At the same time, there are several limitations of this research that should be considered. We did not collect details on the use of the PCPs such as the amount of product applied, how many times it was used during the prior 24–48 h, and whether the product was left on or rinsed off, all of which may impact chemical absorption and potential toxicological effects [49]. Leave on products, in particular, may have higher levels of certain phthalates and parabens [3]. Importantly, many products did not match to the Skin Deep® database resulting in missing data on hazard scores. Because products enter the database through reporting by brands, retailers, or consumers, smaller brands that are carried by fewer retailers and used by fewer consumers may be less likely to be added to the database. Among the products that commonly did not match to the Skin Deep® database were intimate care products (e.g., maxi pads, tampons, wipes, douches), oral care products (e.g. flosses, mouthwashes), direct to consumer brands (e.g., Avon, Mary Kay), and certain store brands (e.g. Bath and Body Works, generic brands like CVS Health and Up & Up). By necessity, we pursued a complete case approach and results could have been biased in either direction as a result. With the ongoing expansion of coverage of products in Skin Deep®, particularly those used by people of color, missingness may be less of an issue in future studies. This expansion is essential not just for future research, but to help all consumers make more informed decisions about their PCPs. In addition, PCP formulations change over time and we are unable to verify that the PCPs used by participants are the exact same formulations (e.g. same ingredient profile) as when those products were entered into Skin Deep®. While other databases exist to evaluate risks associated with certain PCPs, we opted to use data from Skin Deep® as it is particularly widely-used and well-known, and its hazard scores were developed based on 17 evidence-based criteria. We additionally note that our sample, based in an academic community, was relatively homogeneous and tended to be well educated with higher income, which may limit generalizability.

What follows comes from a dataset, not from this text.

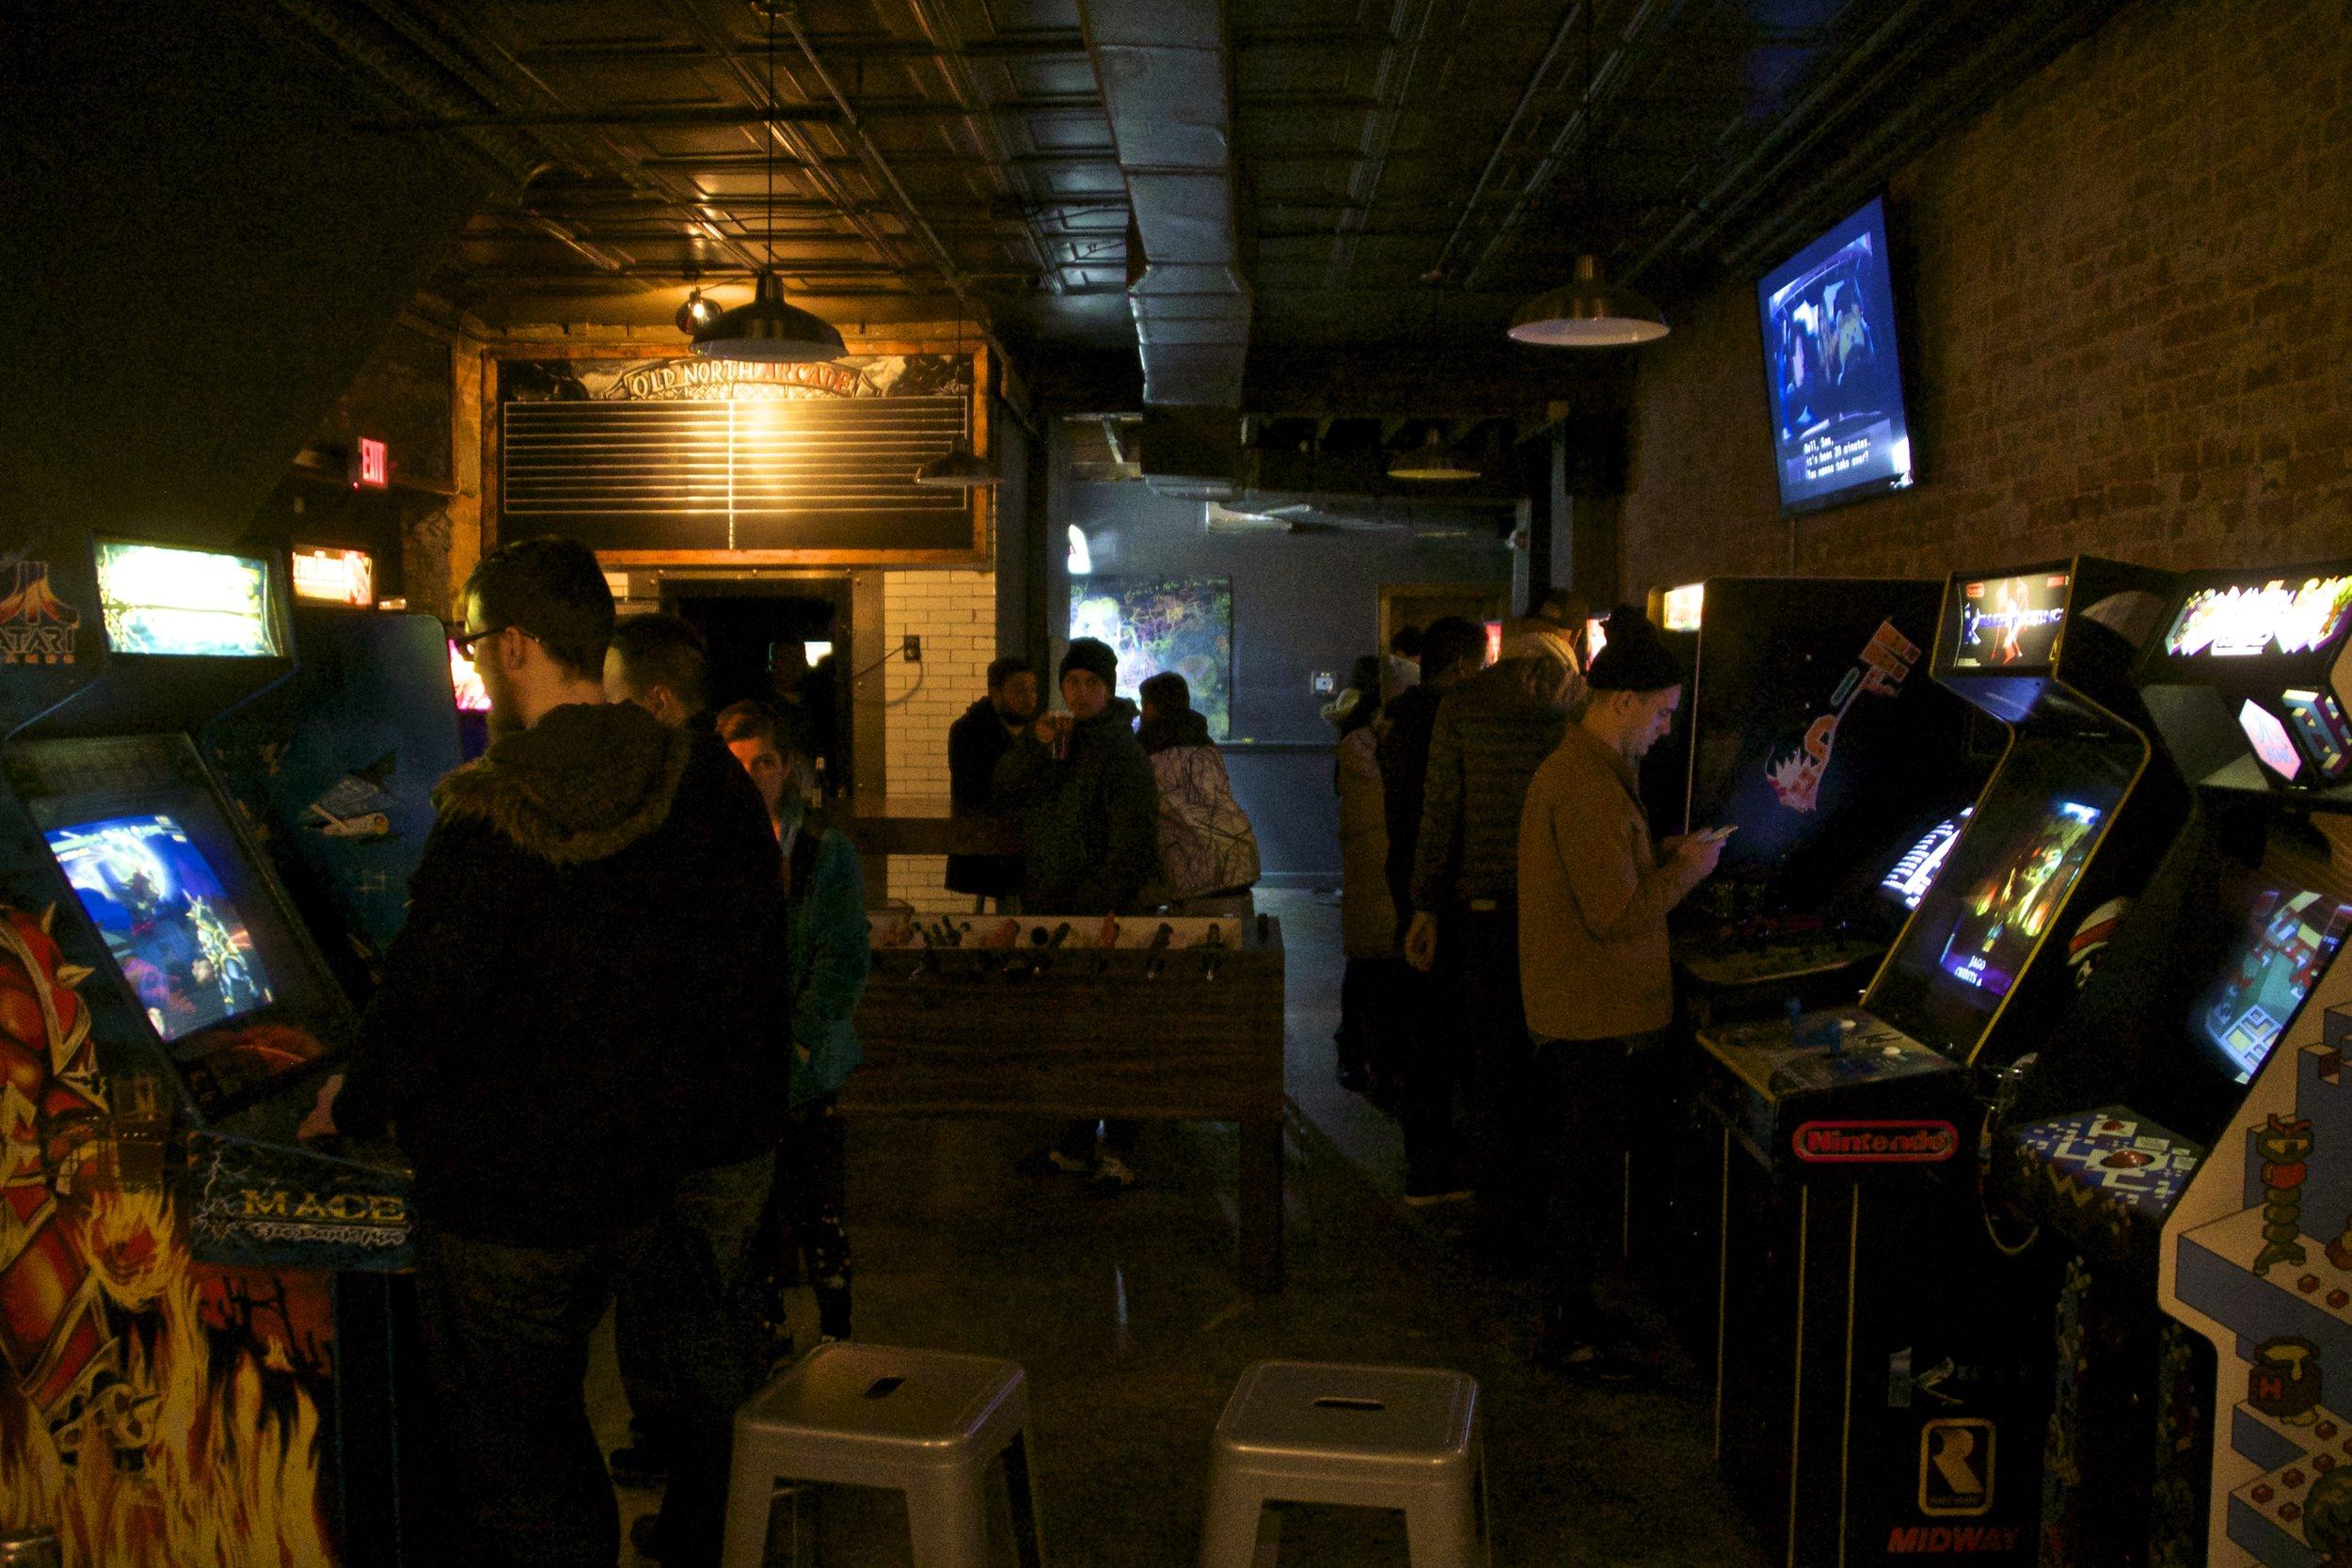 Old North Arcade Columbus Ohio Bars 13.jpg

In summary, in this study of university-affiliated U.S. adults, we observed that the chemical hazards encountered through PCPs varied by consumers’ sociodemographic characteristics. We additionally observed that people’s perceptions around PCP safety and regulation were associated with the hazards of the products they used, suggesting the importance of education and environmental health literacy in shaping consumer choices. Finally, our results suggested that use of smartphone apps and websites promoting cleaner, safer beauty choices may be an effective way to help consumers choose PCPs that may pose fewer health hazards. These results suggest that individual-level behaviors may help to protect consumers from potentially harmful chemical exposures in PCPs in the absence of much-needed updates to U.S. regulations on the chemical ingredients found in PCPs.